Opening weekend serves up spicy fixtures

The opening weekend is always filled with optimism and hope for the season ahead, with the sun still shining and new signings galore on show, and some standout fixtures.

A master vs apprentice clash starts the season, as Pep Guardiola’s all-conquering Manchester City travel to Turf Moor to take on his-first City captain and club legend Vincent Kompany’s Championship-winning Burnley side. The Clarets have undergone a style makeover in their year out of the top flight but their credentials will face no sterner test than the newly-crowned treble winners.

Elsewhere, Mauricio Pochettino makes his Chelsea bow against a familiar foe in Jürgen Klopp as Liverpool travel to Stamford Bridge. It is 20 years since the two clubs met on the opening day of a league campaign.

And in a battle of two of the overachievers from last season, Eddie Howe and Newcastle take on Unai Emery and Aston Villa. That Emery turned down the Magpies’ job prior to Howe’s appointment is always a lovely narrative to mention when they face off.


The new kids on the block

While Burnley have the hardest game possible upon their return to the Premier League, Sheffield United have an easier outing with currently managerless Crystal Palace the guests to a boisterous Bramall Lane.

Both automatically promoted sides do have recent experience of the top flight, which can’t be said of Luton Town, who were last at English football’s top table the season prior to the dawn of the Premier League (1991-92) and only climbed out of League Two five seasons ago.

They travel to the seaside to take on Brighton on the opening day, meaning the first-ever Kenilworth Road game in the Premier League will have to wait a week when Burnley enter the now-social media famed away end.

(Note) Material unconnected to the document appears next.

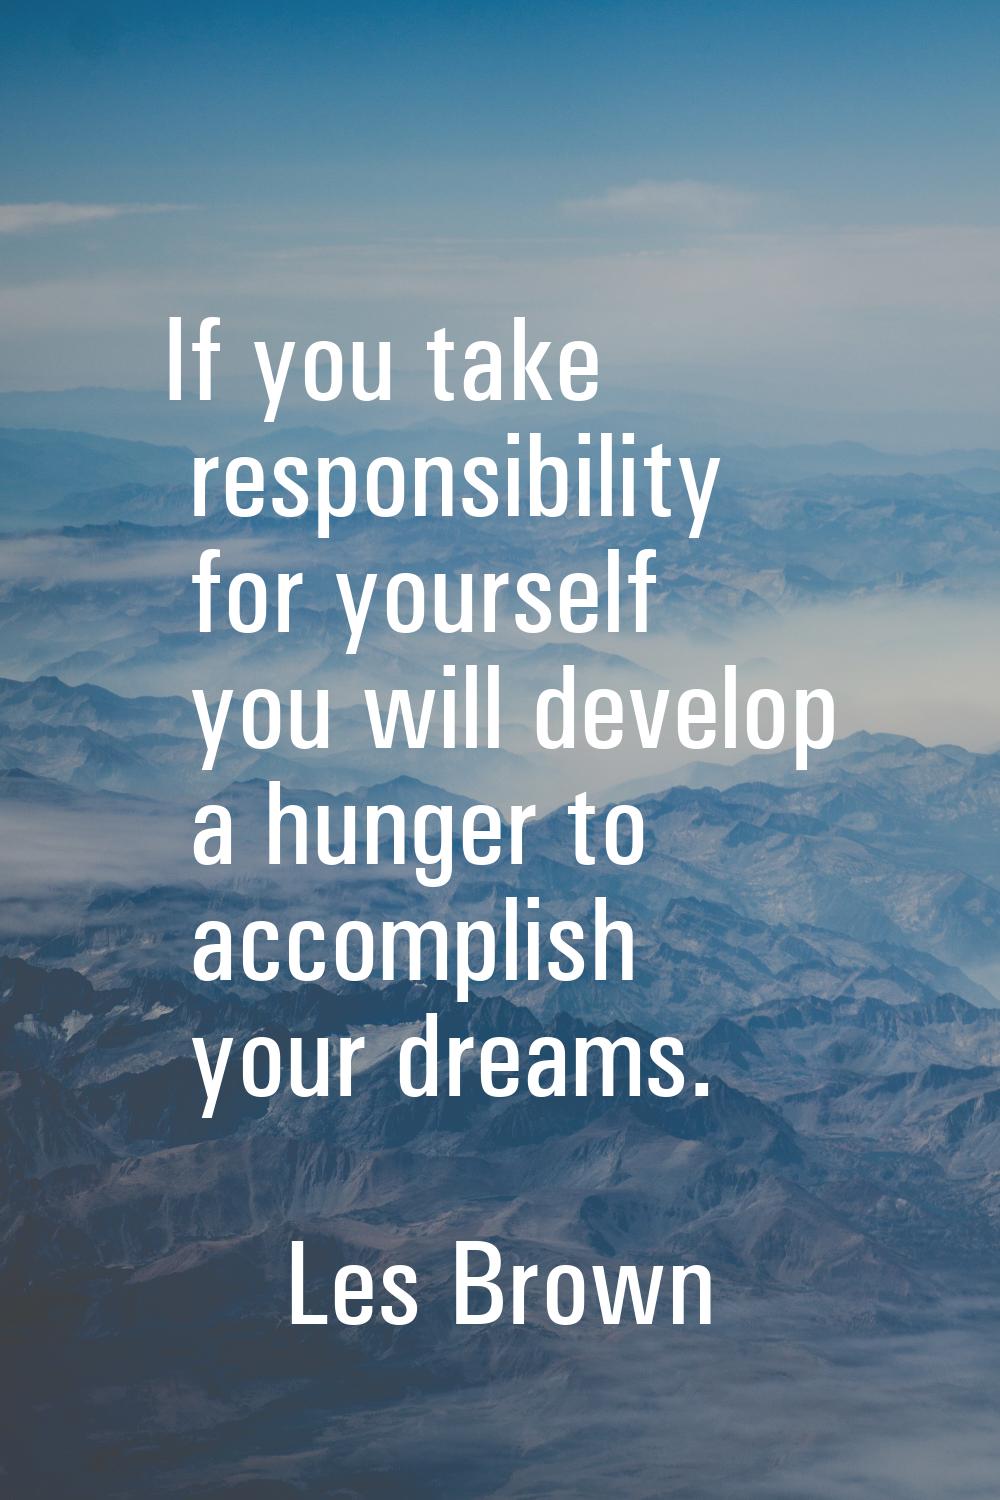 If you take responsibility for yourself you will develop a hunger to accomplish your dreams.

It will no doubt be a special occasion, and the first of 19 cup finals for the Hatters, whose home form will be the key to any hope of survival.


Festive fun

While last season Boxing Day saw the return of Premier League football after that mid-season World Cup, things will be back to normal this time around.

The pick of the pre-Christmas games (23rd) sees Liverpool and Arsenal meet at Anfield in a repeat of the game that kickstarted the Gunners’ title collapse in April.

It also comes off the back of Manchester United making the same trip to Merseyside a week prior, with memories of that 7-0 loss sure to be lodged in the psyche of everyone involved.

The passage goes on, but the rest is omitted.